Dan Yang
Prof. Dan YANG
Innovation and Information Management
Associate Professor
Associate Director, Institute of Digital Economy and Innovation

3917 0015

KK 816

Academic Appointments
  • Associate Director of Institute of Digital Economy and Innovation, HKU, 2022-
  • Associate Professor of Innovation and Information Management (IIM), HKU, 2018-
  • Assistant Professor of Statistics, Rutgers University, 2013-2019
  • Postdoc, Statistical and Applied Mathematical Sciences Institute, 2012-2013
Education
  • Ph.D. in Statistics, University of Pennsylvania, 2007-2012
  • B.S. in Economics, Peking University, China, 2004-2007
  • B.S. in Statistics, Peking University, China, 2003-2007
Biography

Dan Yang is an Associate Professor in Innovation and Information Management of the Business School and Associate Director of Institute of Digital Economy and Innovation at the University of Hong Kong. She received her doctoral degree in Statistics from the Wharton School of the University of Pennsylvania and her bachelor’s degrees in Statistics and Economics from Peking University. Prior to joining HKU, she was an Assistant Professor in Department of Statistics at Rutgers University.
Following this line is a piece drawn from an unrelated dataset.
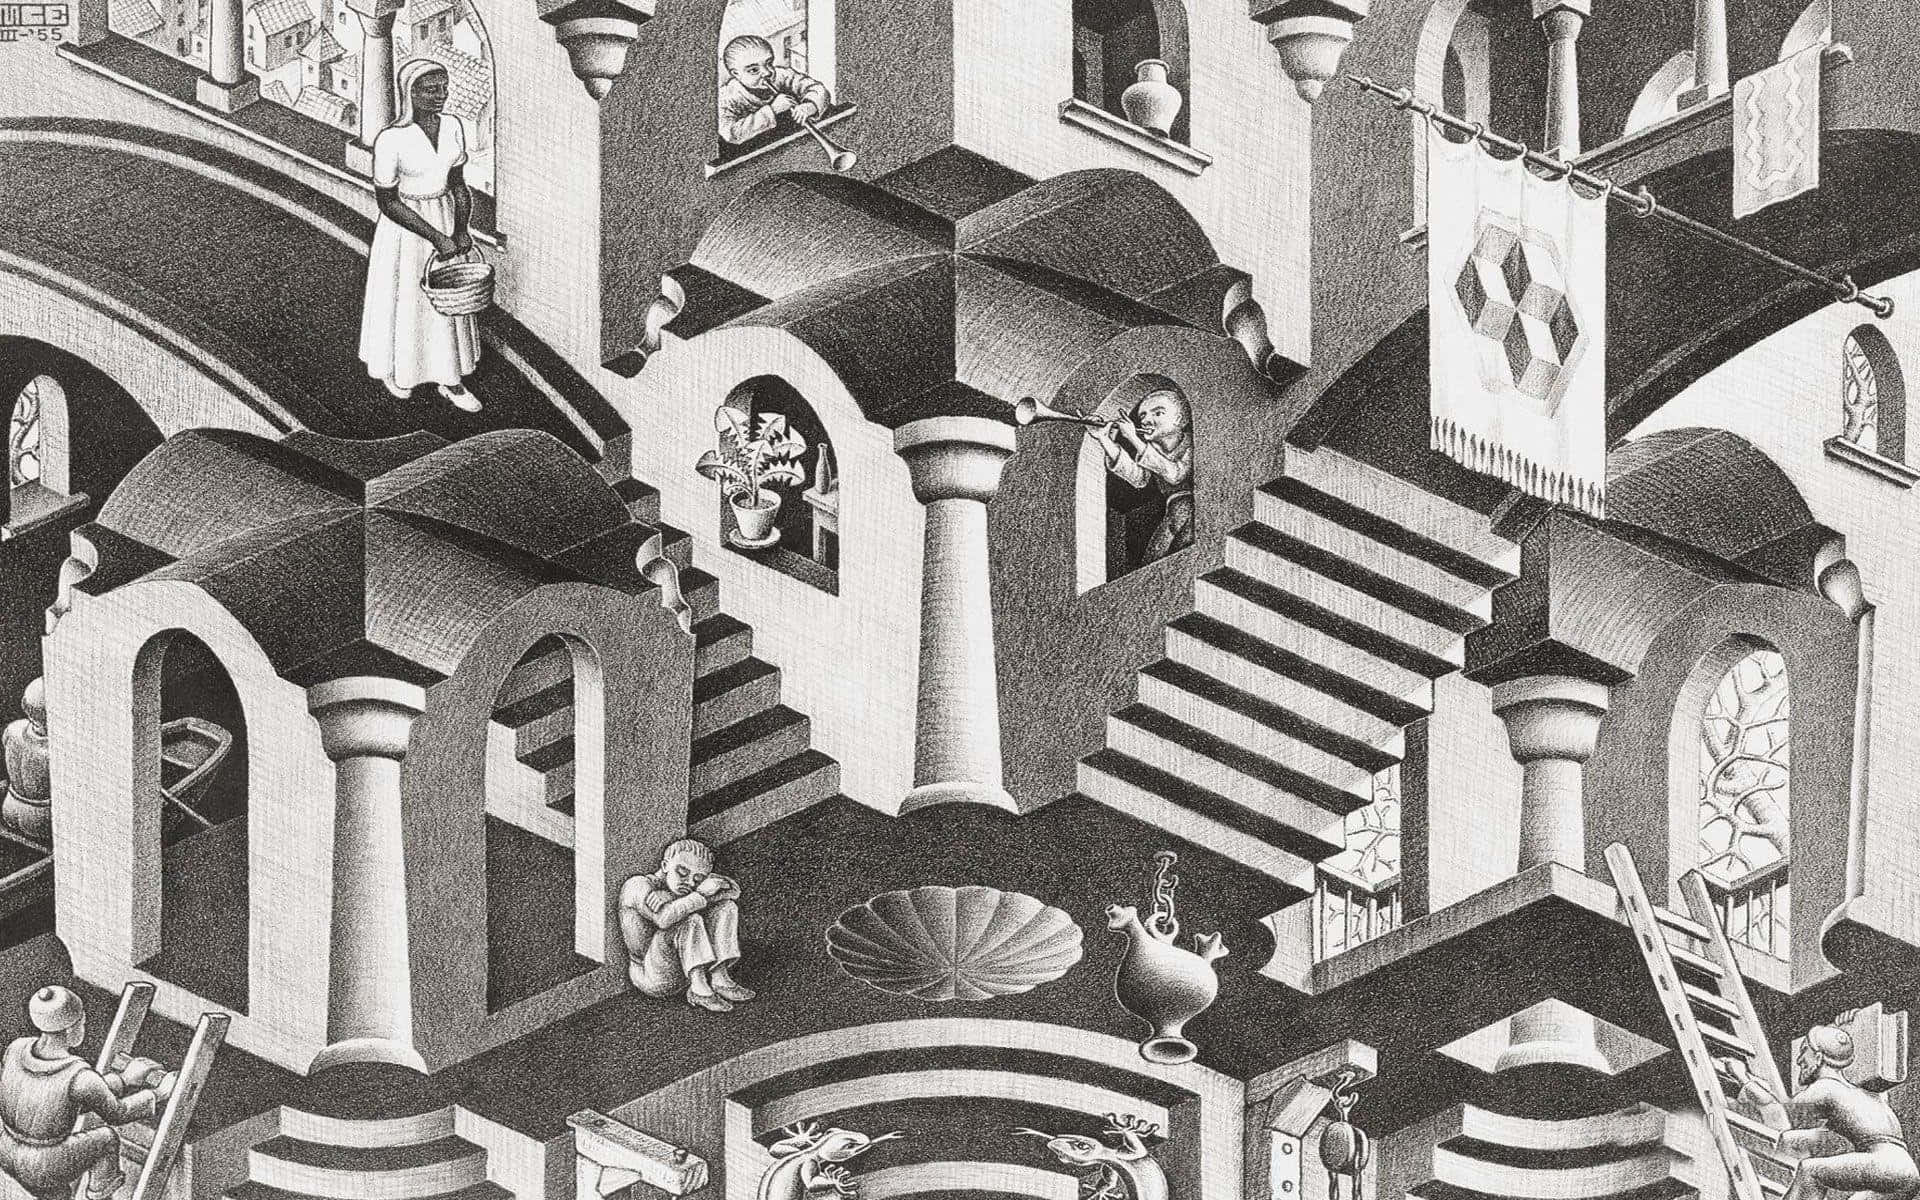 Et sort og hvid tegning af en trappe med mennesker på den. Wallpaper

Professor Yang’s research interests include tensor data, high-dimensional statistical inference, time series, dimension reduction, network data, functional data, and business applications in economics, finance and healthcare. Her work has been published in journals such as the Journal of the American Statistical Association (with discussion), Annals of Statistics, Journal of the Royal Statistical Society Series B, Journal of Econometrics, Journal of Machine Learning Research, among others. She also served as an associate editor for Statistica Sinica.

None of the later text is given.